Великий хан снова слегка кивнул мне, а затем повернулся к отцу и дяде:

– Хайду ничего не взял у вас, а-а?

– Ничего, великий хан. Не прикажете ли позвать слуг, чтобы те внесли и продемонстрировали вам богатые дары, состоящие из золота, драгоценных камней и украшений?..

– Вах! – прервал его великий хан. – Эти безделушки не имеют значения. А что карты, а-а? Кроме жалких священников вы обещали привезти еще и карты. Вы их составили, а-а? Или Хайду украл их у вас, а-а? Я бы предпочел, чтобы он лучше украл что-нибудь другое, но не карты!

Только представьте, насколько меня изумил подобный поворот разговора. Великий хан не собирался наказывать нас, и его интересовали совсем не драгоценности. А вы бы сами не удивились, услышав, как человек презрительно говорит «вах!» и называет безделушками сокровища, на которые в Европе можно купить целое герцогство? Но еще сильнее я изумился, осознав, что отец с дядей все это время были вовлечены в миссию, более тайную и важную, чем поставка миссионеров.

– Карты в безопасности, великий хан, – сказал отец. – Хайду бы в жизни не додумался отнять их у нас. Мы с Маттео надеемся, что составили лучшие на Западе карты центральных территорий этого континента – особенно земель, которыми правит ильхан Хайду.
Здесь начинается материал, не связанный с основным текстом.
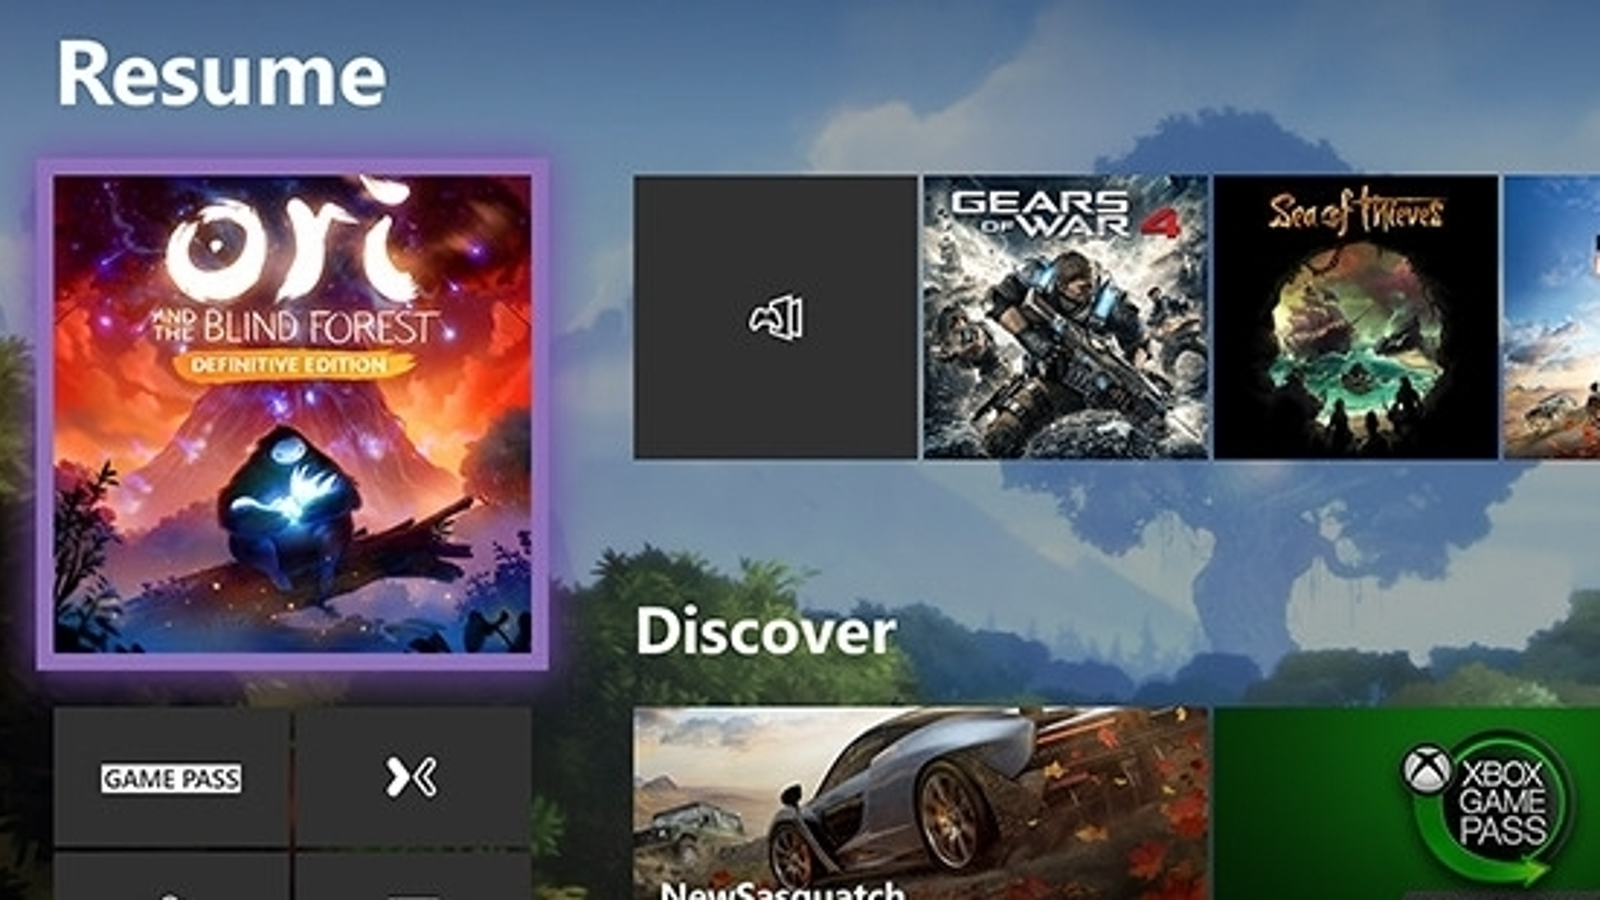 Amigo es bonito ladrar Microsoft prepara un nuevo diseño para la interfaz de Xbox One |  Eurogamer.es

– Хорошо… просто прекрасно… – пробормотал Хубилай. – Хань делают непревзойденные карты, но они всегда ограничиваются лишь своими собственными землями. Те карты, которые мы захватили у них раньше, сильно помогли монголам завоевать Китай, и они будут также полезны, когда мы отправимся на юг и выступим против династии Сун. Но хань всегда считали то, что находится за границами их земель, недостойным внимания. И если вы сделали свою работу как следует, тогда на первое время у нас будут карты центральных участков Шелкового пути на отдаленных рубежах моей империи.

Радостно улыбаясь, Хубилай огляделся, и его взгляд упал на меня. Возможно, великий хан принял меня за скучного остолопа, которого мучает совесть, потому что он улыбнулся еще шире и сказал:

– Я уже пообещал, молодой Поло, никогда не использовать этих карт, если монголы однажды начнут войну против дожа Венеции.

Затем, вновь повернувшись к отцу и дяде, он произнес:

– Позже я устрою закрытый прием, чтобы мы могли посидеть вместе и изучить карты. Ну а пока каждому из вас будут предоставлены отдельные помещения и штат прислуги, вы будете жить неподалеку от моей собственной резиденции во дворце. – И добавил, словно в раздумье: – Ваш племянник может жить в комнатах, которые вы выберете.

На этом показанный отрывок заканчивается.